Undergraduate students earn academic credit and receive hands-on experience through VIP projects. The extra help advances ongoing research and gives graduate students mentorship experience.

Computer science major Huzaifa Pardawala and mathematics major Siddhant Sukhani co-led the SubjECTive-QA project with Shah. 

Fellow collaborators included Veer KejriwalAbhishek PillaiRohan BhasinAndrew DiBiasioTarun Mandapati, and Dhruv Adha. All six researchers are undergraduate students studying computer science. 

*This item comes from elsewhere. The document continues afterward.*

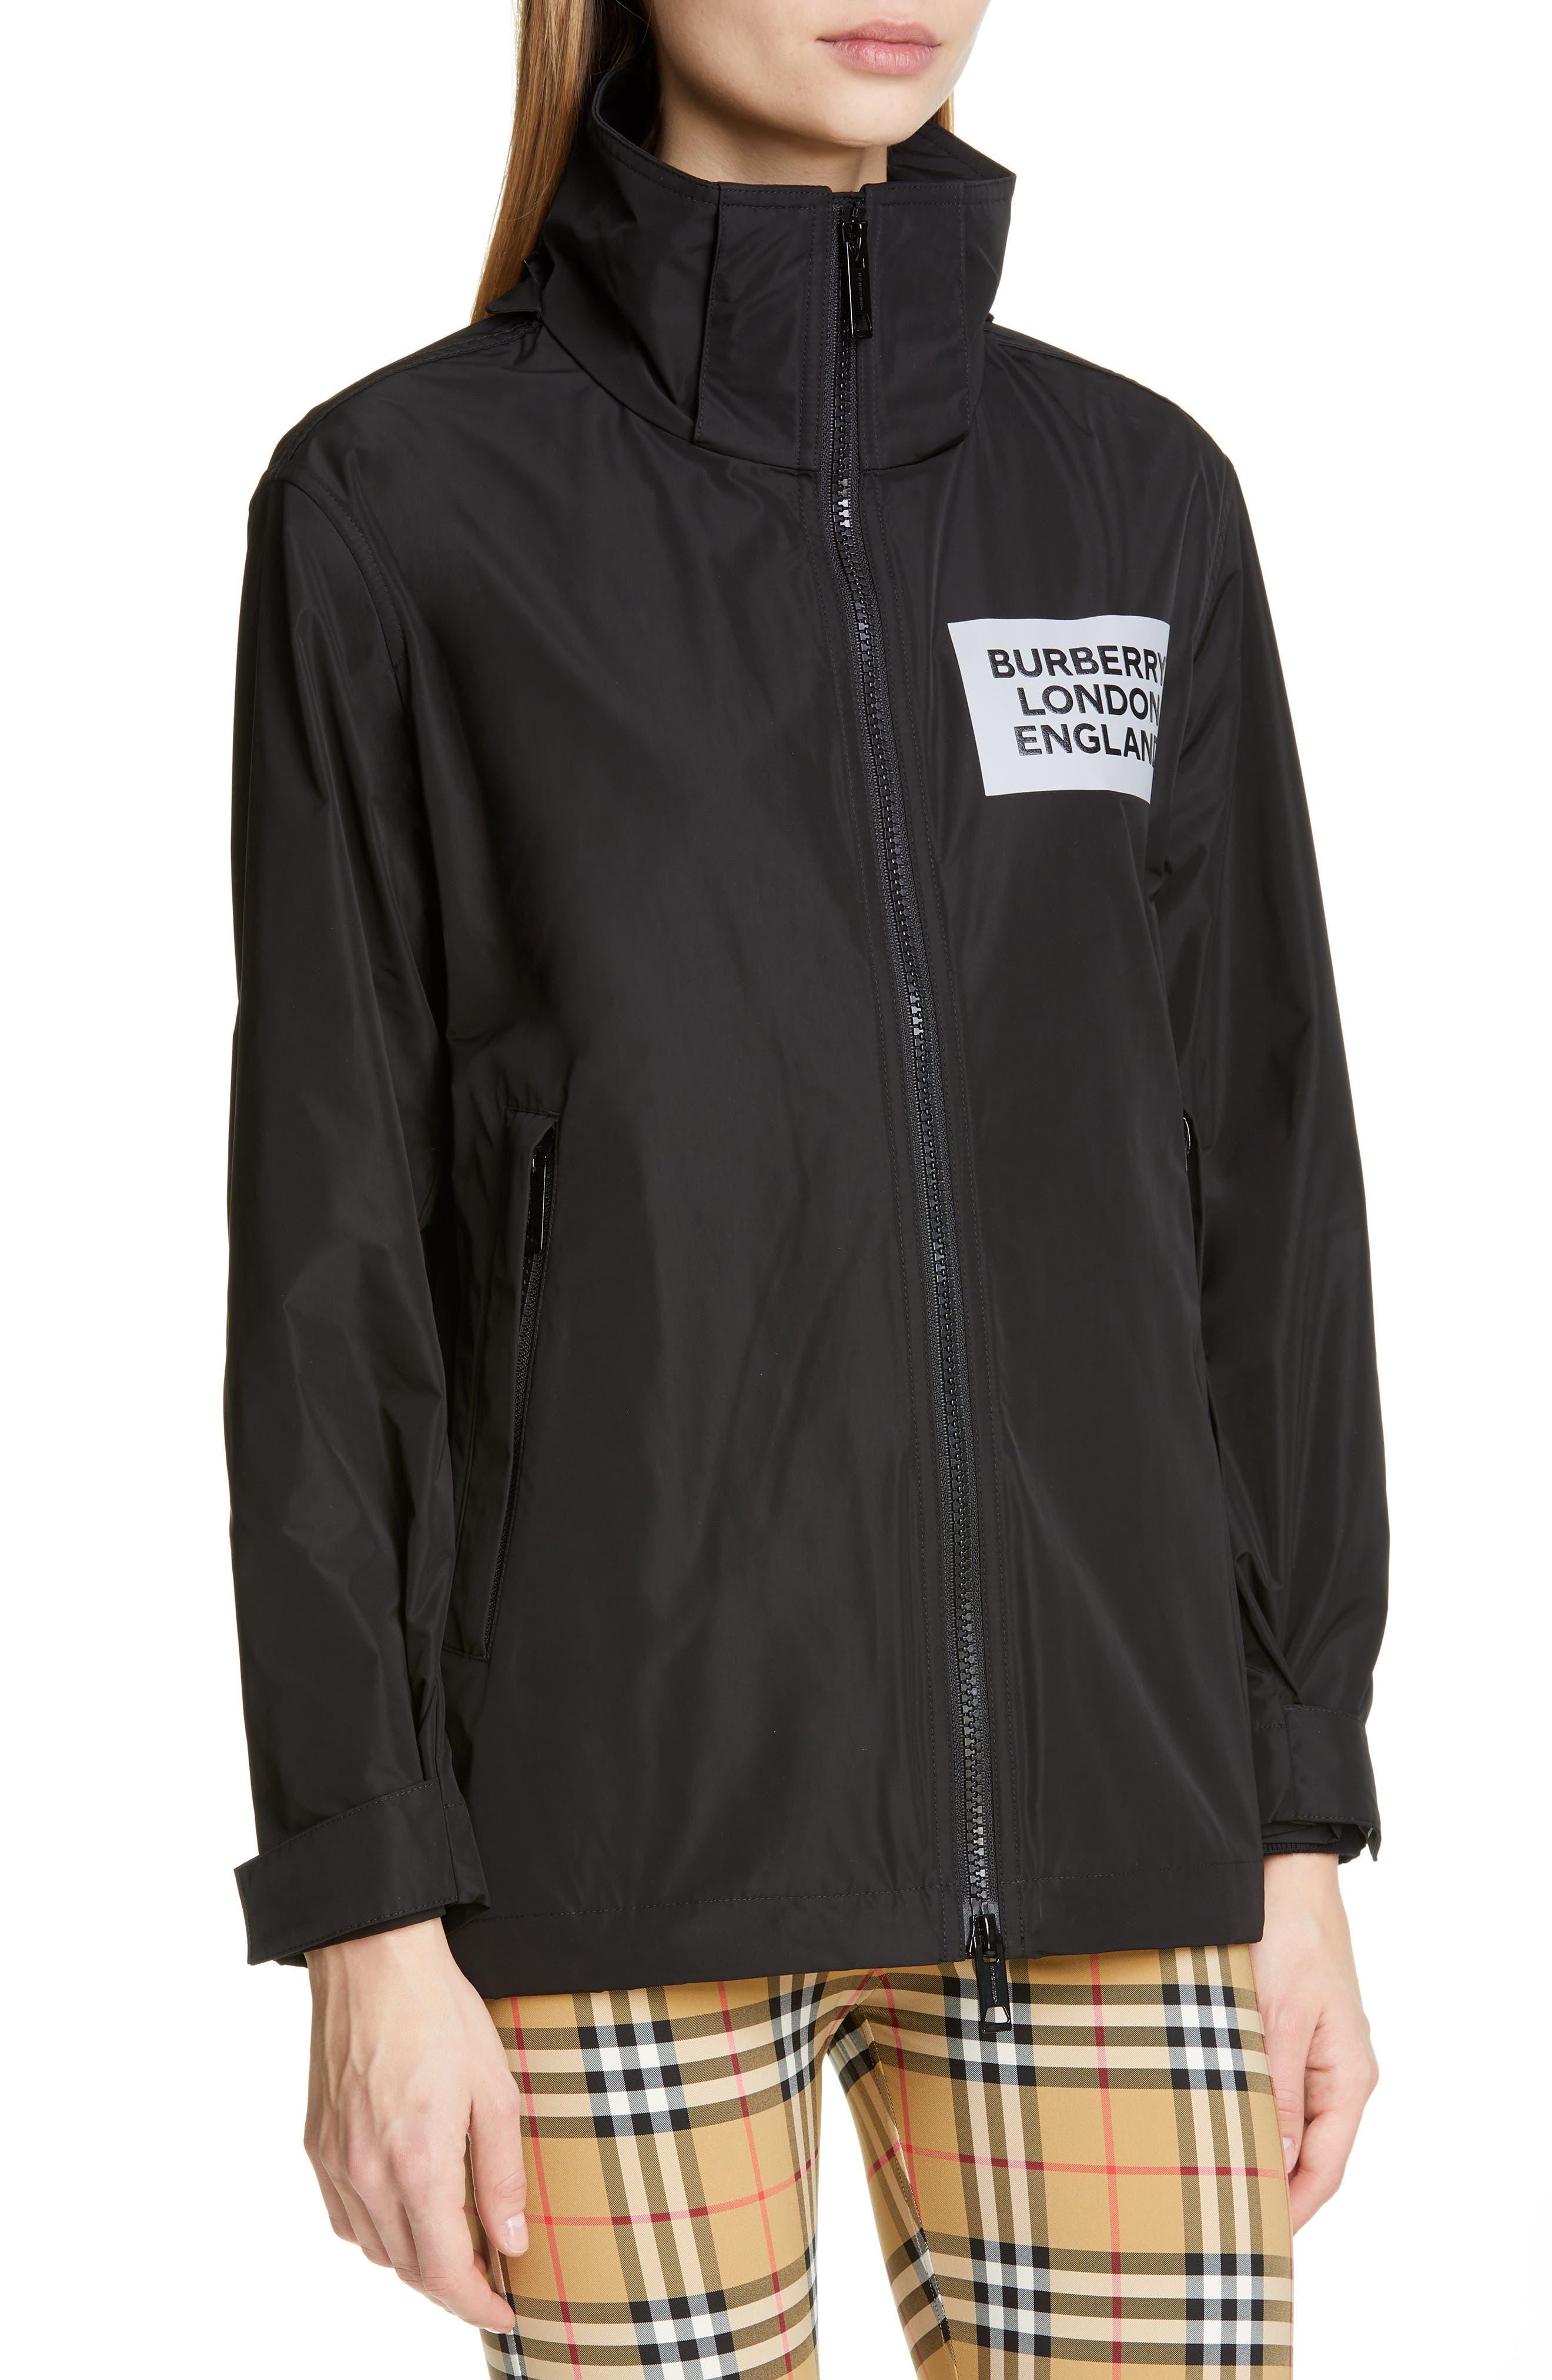 BURBERRY, Kway Millport Logo Print Waterproof Taffeta Jacket, Alternate thumbnail 2, color, BLACK
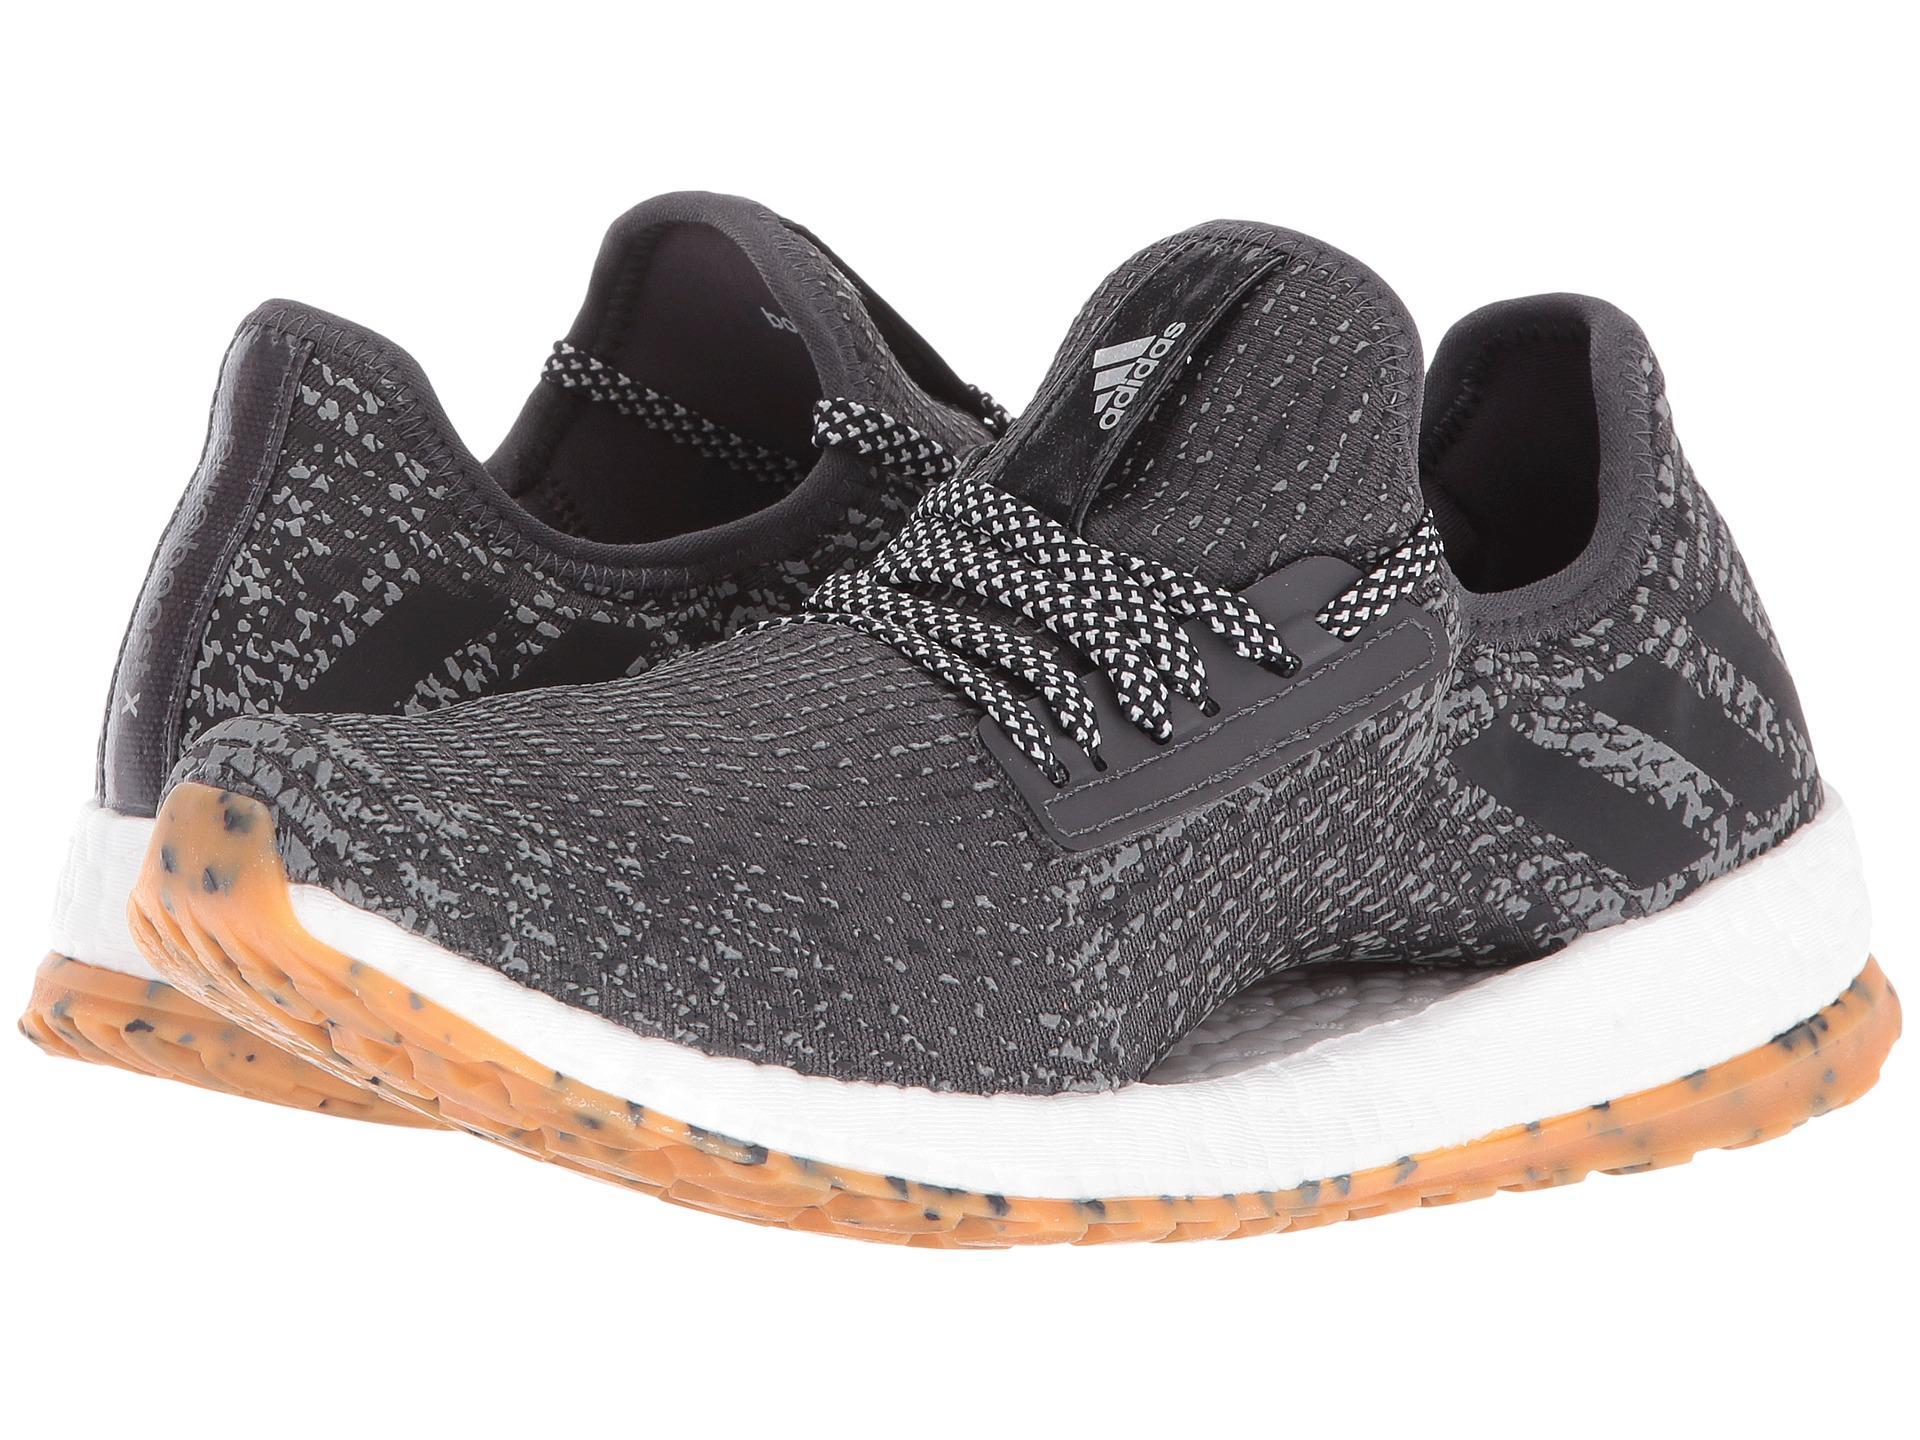 info for b6899 35234 Lyst - adidas Originals Pure Boost X Atr in Black for Men

Sudheer Chava co-advises Shah and is the faculty lead of SubjECTive-QA. Chava is a professor in the Scheller College of Business and director of the M.S. in Quantitative and Computational Finance (QCF) program.

Chava is also an adjunct faculty member in the College of Computing’s School of Computational Science and Engineering (CSE).

"Leading undergraduate students through the VIP Program taught me the powerful impact of balancing freedom with guidance,” Shah said. 

“Allowing students to take the helm not only fosters their leadership skills but also enhances my own approach to mentoring, thus creating a mutually enriching educational experience.”

Presenting SubjECTive-QA at NeurIPS 2024 exposes the dataset for further use and refinement. NeurIPS is one of three primary international conferences on high-impact research in AI and ML. The conference occurs Dec. 10-15.

The SubjECTive-QA team is among the 162 Georgia Tech researchers presenting over 80 papers at NeurIPS 2024. The Georgia Tech contingent includes 46 faculty members, like Chava. These faculty represent Georgia Tech’s Colleges of Business, Computing, Engineering, and Sciences, underscoring the pertinence of AI research across domains. 

"Presenting SubjECTive-QA at prestigious venues like NeurIPS propels our research into the spotlight, drawing the attention of key players in finance and tech,” Shah said.

“The feedback we receive from this community of experts validates our approach and opens new avenues for future innovation, setting the stage for transformative applications in industry and academia.”